I think this also hits 13.2... we may want a EN
Comment 9 Mateusz Guzik freebsd_committer freebsd_triage 2023-04-15 22:16:47 UTC
I don't see any commits referencing this bug nor anything relevant in sys/cam, most notably the proposed patch is not committed. why is this closed?
Comment 10 commit-hook freebsd_committer freebsd_triage 2023-04-15 22:33:40 UTC
A commit in branch main references this bug:

URL: https://cgit.FreeBSD.org/src/commit/?id=fd02926a68c9570f00f7e50d64c1d0673581fb35

commit fd02926a68c9570f00f7e50d64c1d0673581fb35
Author:     Warner Losh <imp@FreeBSD.org>
AuthorDate: 2023-04-14 14:32:20 +0000
Commit:     Warner Losh <imp@FreeBSD.org>
CommitDate: 2023-04-15 22:32:41 +0000

    cam: Properly mask out the status bits to get completion code

    ccb_h.status has two parts: the actual status and some addition bits to
    indicate additional information. It must be masked before comparing
    against completion codes. Add new inline function cam_ccb_success to
    simplify this to test whether or not the request succeeded. Most of the
    code already does this, but a few places don't (the rest likely should
    be converted to use cam_ccb_status and/or cam_ccb_success, but that's
    for another day). This caused at least one bug in recognizing devices
    behind a SATA port multiplexer, though some of these checks were
    fine with the special knowledge of the code paths involved.
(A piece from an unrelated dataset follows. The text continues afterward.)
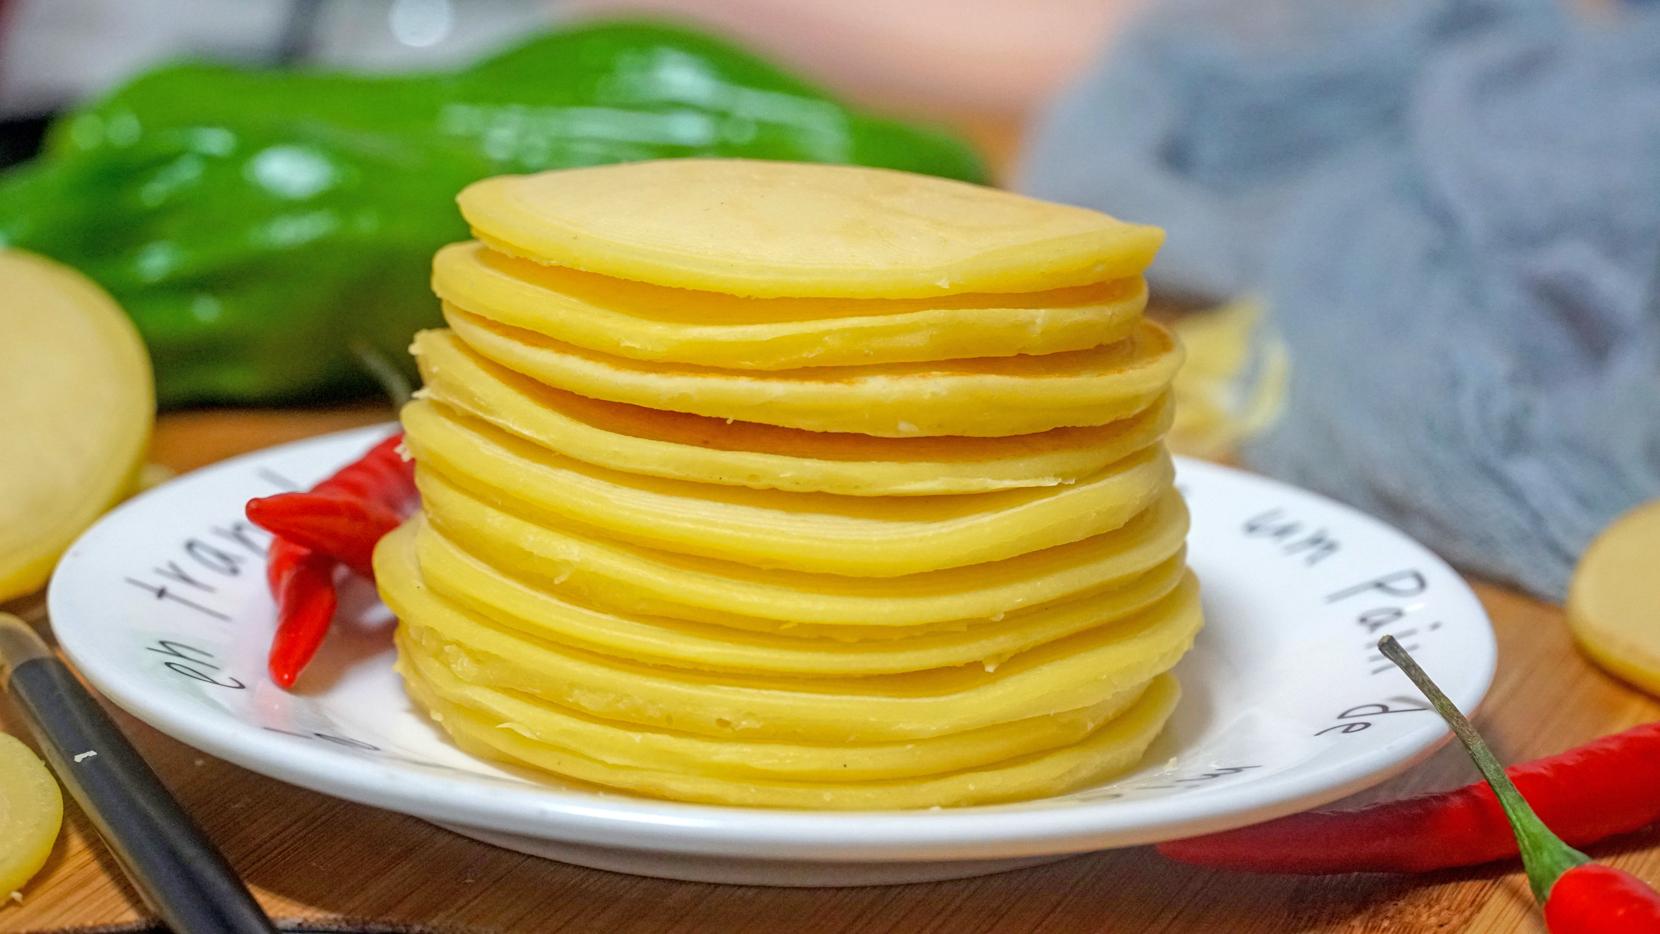 上班早餐不用愁,6款日常早餐,早起十分钟搞定,好做好吃又管饱

    PR:                     270459
    Sponsored by:           Netflix
    MFC After:              1 week (and maybe a EN requst)
    Reviewed by:            ken, mav
    Differential Revision:  https://reviews.freebsd.org/D39572

 sys/cam/ata/ata_xpt.c       | 4 ++--
 sys/cam/cam_ccb.h           | 6 ++++++
 sys/cam/cam_xpt.c           | 2 +-
 sys/cam/nvme/nvme_da.c      | 3 +--
 sys/cam/scsi/scsi_enc_ses.c | 4 ++--
 5 files changed, 12 insertions(+), 7 deletions(-)
Comment 11 Warner Losh freebsd_committer freebsd_triage 2023-04-15 22:34:36 UTC
Ah a push failed that I thought had succeeded. Fixed.